2) The Partnership can acquire the Business from the Seller without the necessity of the filing of a premerger notification form and the observing of the waiting period by any of the Partnership, the Seller, the parent of the Seller, the Individuals, the Corporation or the GP.

In addition, you have advised us that your foregoing conclusions are based, among other things, on the following:

A partnership is its own ultimate parent entity (UPE) and there is no group concept under the HSR Act, as there is, for example, under Section 13 of the Securities Act of 1934. Therefore, the acquisition of assets by a partnership will not be attributed to any one or more of its partners individually or in the aggregate (except as the Partnership) for any purpose under the HSR Act. This is true, providing the requisite business purpose exists, even if (a) the partnership acquires such assets at a time when its partners are prohibited from doing so themselves without filing a premerger notification form and observing the waiting period; (b) the partners infuse funds into the partnerships to acquire such assets and (c) the partnership is formed to acquire such assets.

A partnership with assets or less than $10,000,000 as at the time of its latest regularly prepared balance sheet and a partnership formed for the purpose of making an acquisition are both exempt from complying with the filing and waiting period requirements of the HSR Act. A newly-formed partnership must prepare, as at the date that it makes an acquisition, a balance sheet, which for the purpose of determining (a) whether the acquisition satisfies the size of the transaction test, would include all of the partnerships assets, and (b) whether the partnership satisfied the size of person test would not include assets which were (or were committed to be) infused into the partnership for the purpose of making the acquisition. All of such funds need not be infused into the partnership at one time. Other than as set forth above, there is no specific time at which a UPE must prepare a balance sheet, but an UPE may not fail to prepare a balance sheet in order to perpetuate its status as an exempt entity.

As a result of the foregoing, provided the funds have been (or will be) infused for the purpose of making a particular acquisition, and until a partnership is required to have a regularly prepared balance sheet showing assets in excess of $10,000,000, a partnership which (a) is newly formed, is exempt from complying with the filing and waiting period requirements of the HSR Act regardless of the amount of its equity and (b) has assets of less than $10,000,000 as at the date of its latest regularly prepared balance sheet and is funded with, for example, an additional $100,000,000 in cash and/or unconditional obligations of its partners (old and new) to contribute cash to its capital, is likewise exempt from complying with the filing and waiting period requirements of the HSR Act.

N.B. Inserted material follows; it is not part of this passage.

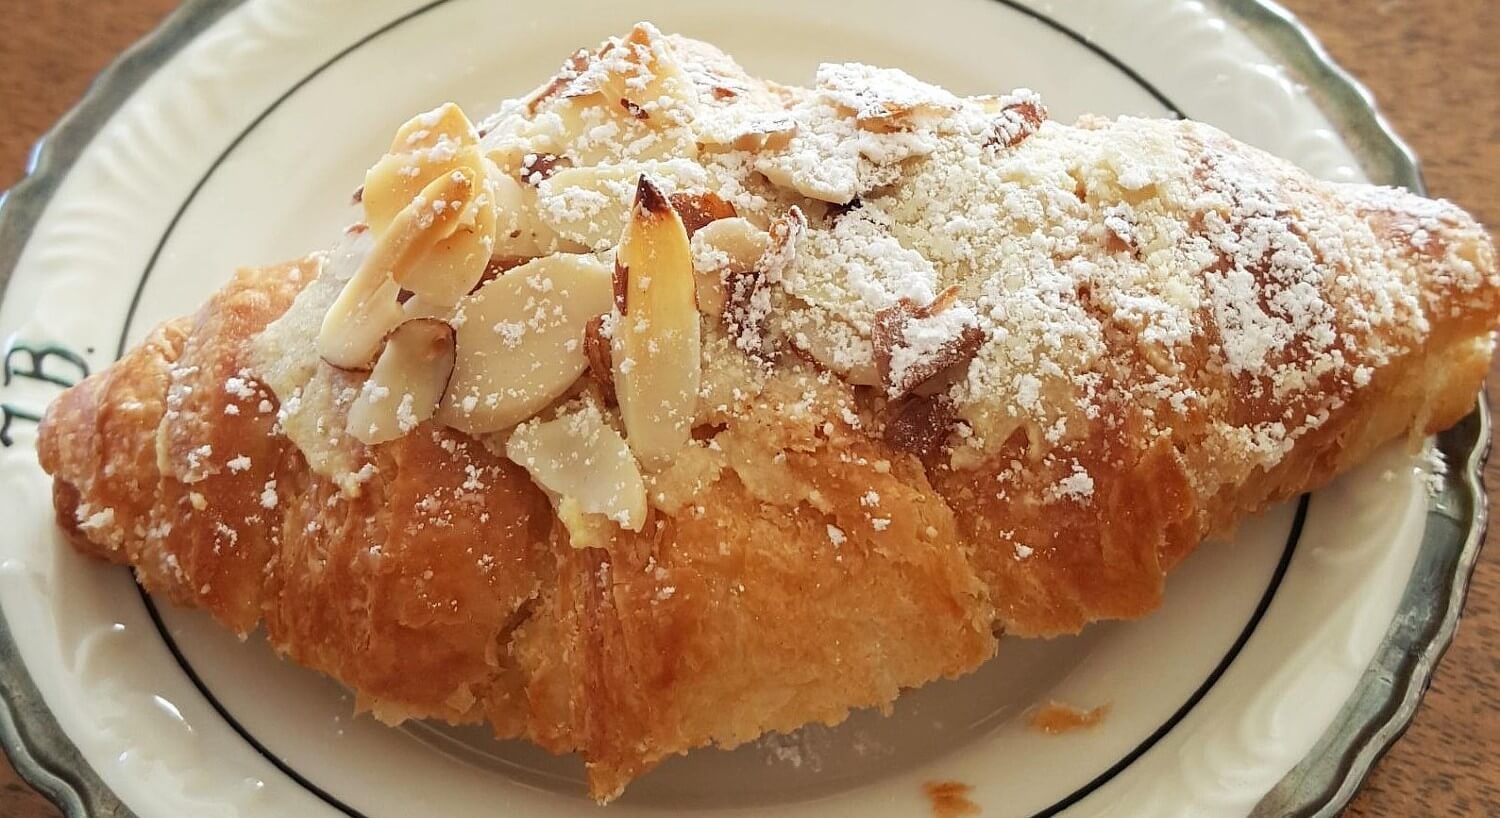 Golden brown almond croissant dusted with powdered sugar on a round white plate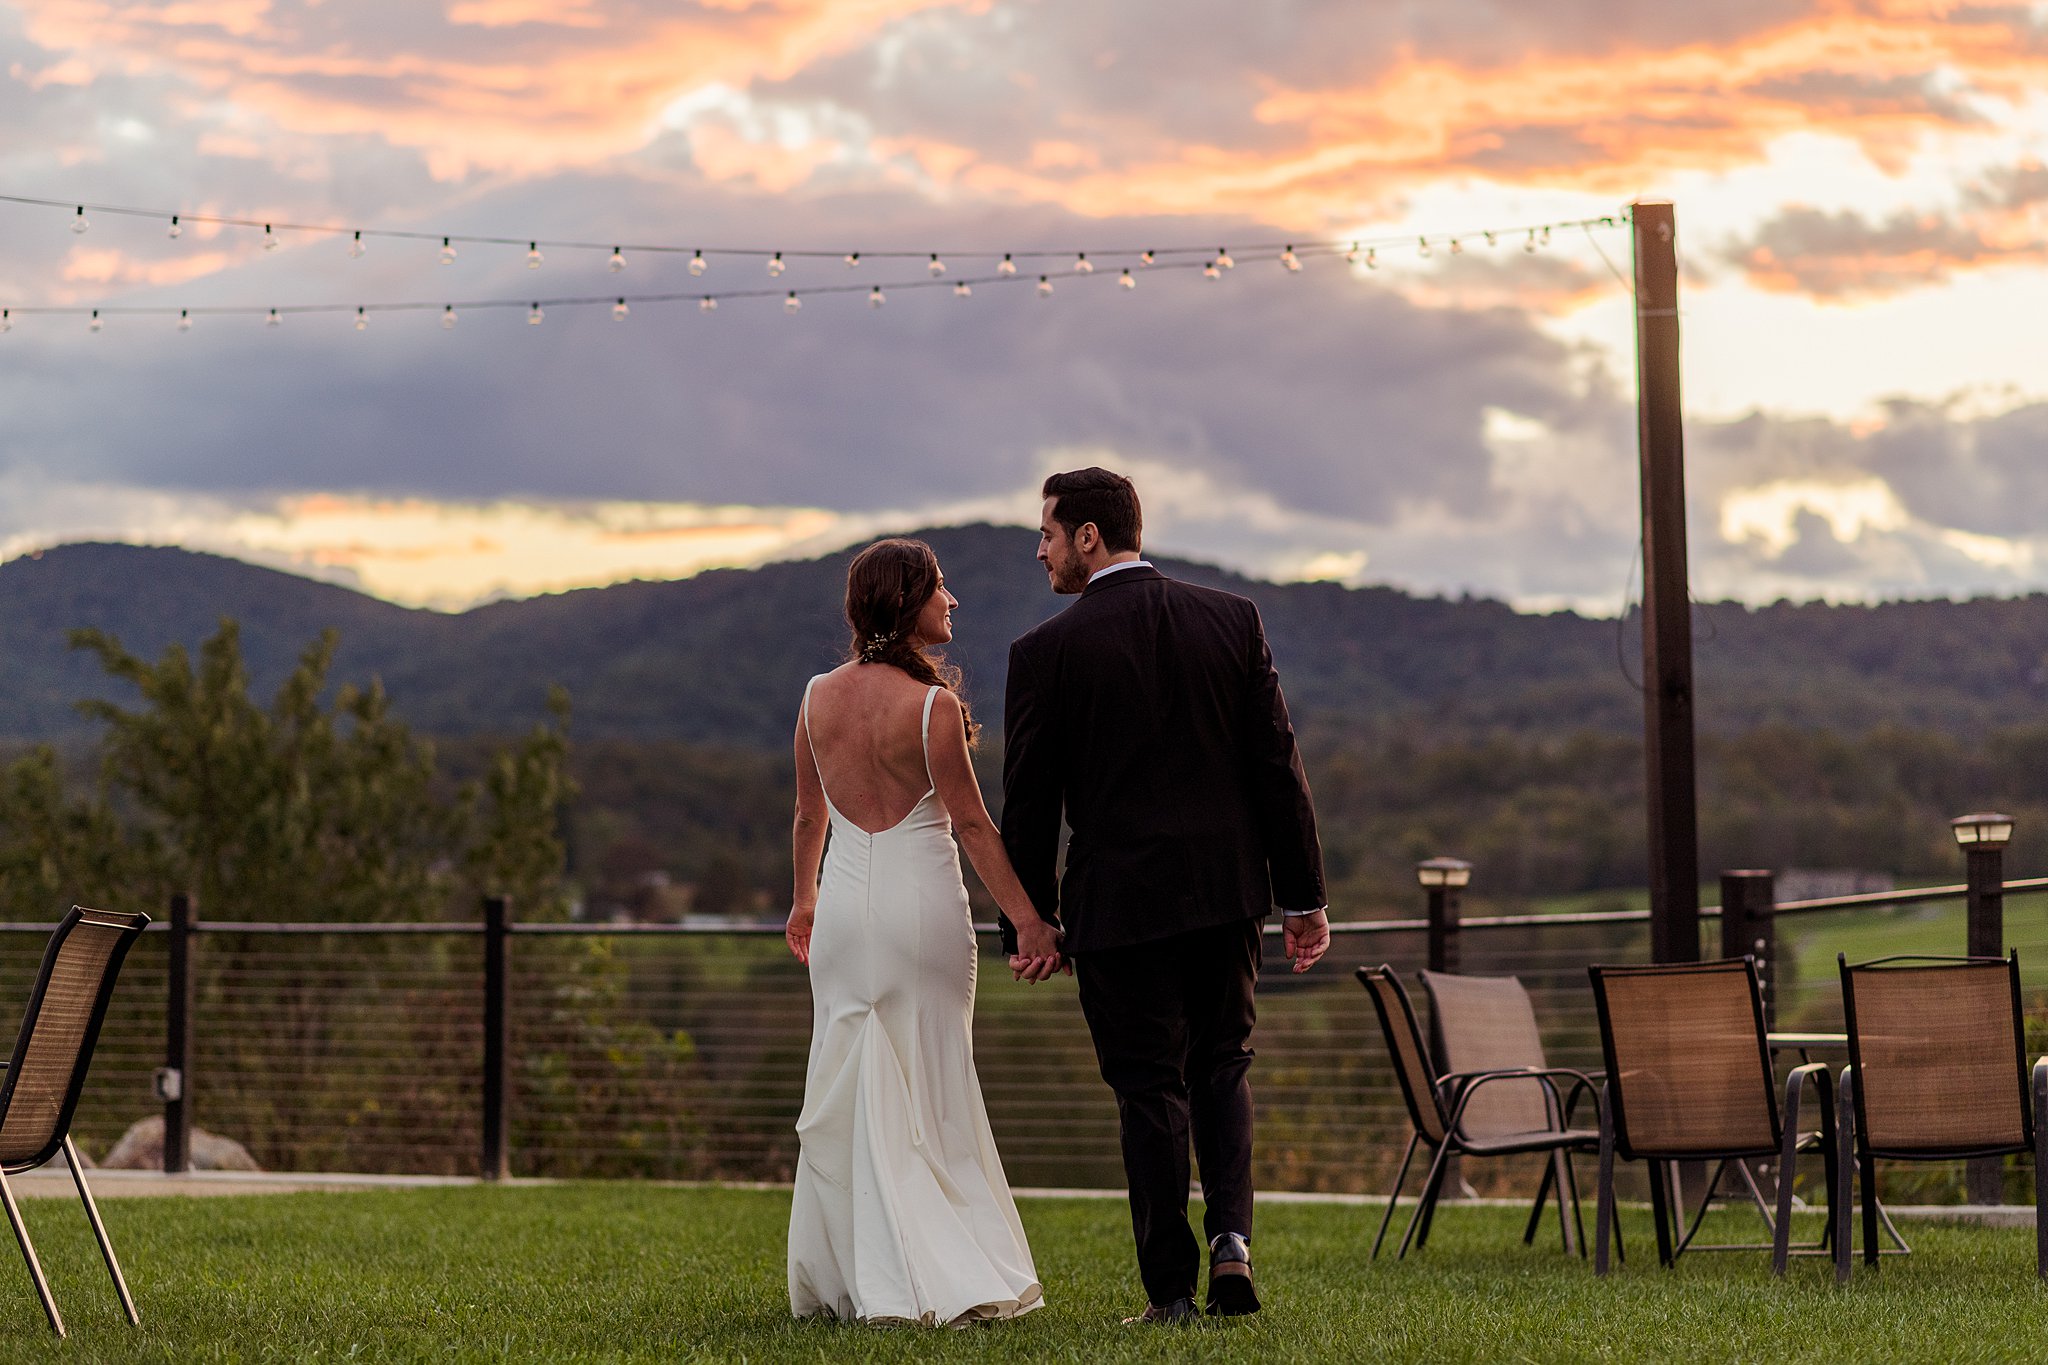 Newlyweds hold hands while looking at each other on a lawn with chairs and a mountain sunset in the background wedding venues in northern virginia

In addition, any combination of the scenarios of the preceding paragraphs will cause a result consistent with the results described in those paragraphs.

The absence of a legitimate business purpose will render unavailable to the UPE the benefits described herein. However, there exists a broad range of legitimate business purposes which may be available to an UPE whose purpose is not solely to avoid the application of the HSR Act, including the desire (a) to achieve certain tax results and/or (b) to obtain additional funds (whether existing in, or obtainable by, the partnership) and/or (c) the participation of additional investors (whether on the same or different terms as other investors).

As you may recall, in the past, I have discussed various aspects of the HSR Act with you and other attorneys at the FTC. Certain of the conclusions contained in this letter are based upon one or more of those conversations and the related correspondence and this letter is intended to supplement rather than supersede such correspondence.

Thank you again for your time and your help.

About Informal Interpretations

Informal interpretations provide guidance from previous staff interpretations on the applicability of the HSR rules to specific fact situations. You should not rely on them as a substitute for reading the Act and the Rules themselves. These materials do not, and are not intended to, constitute legal advice.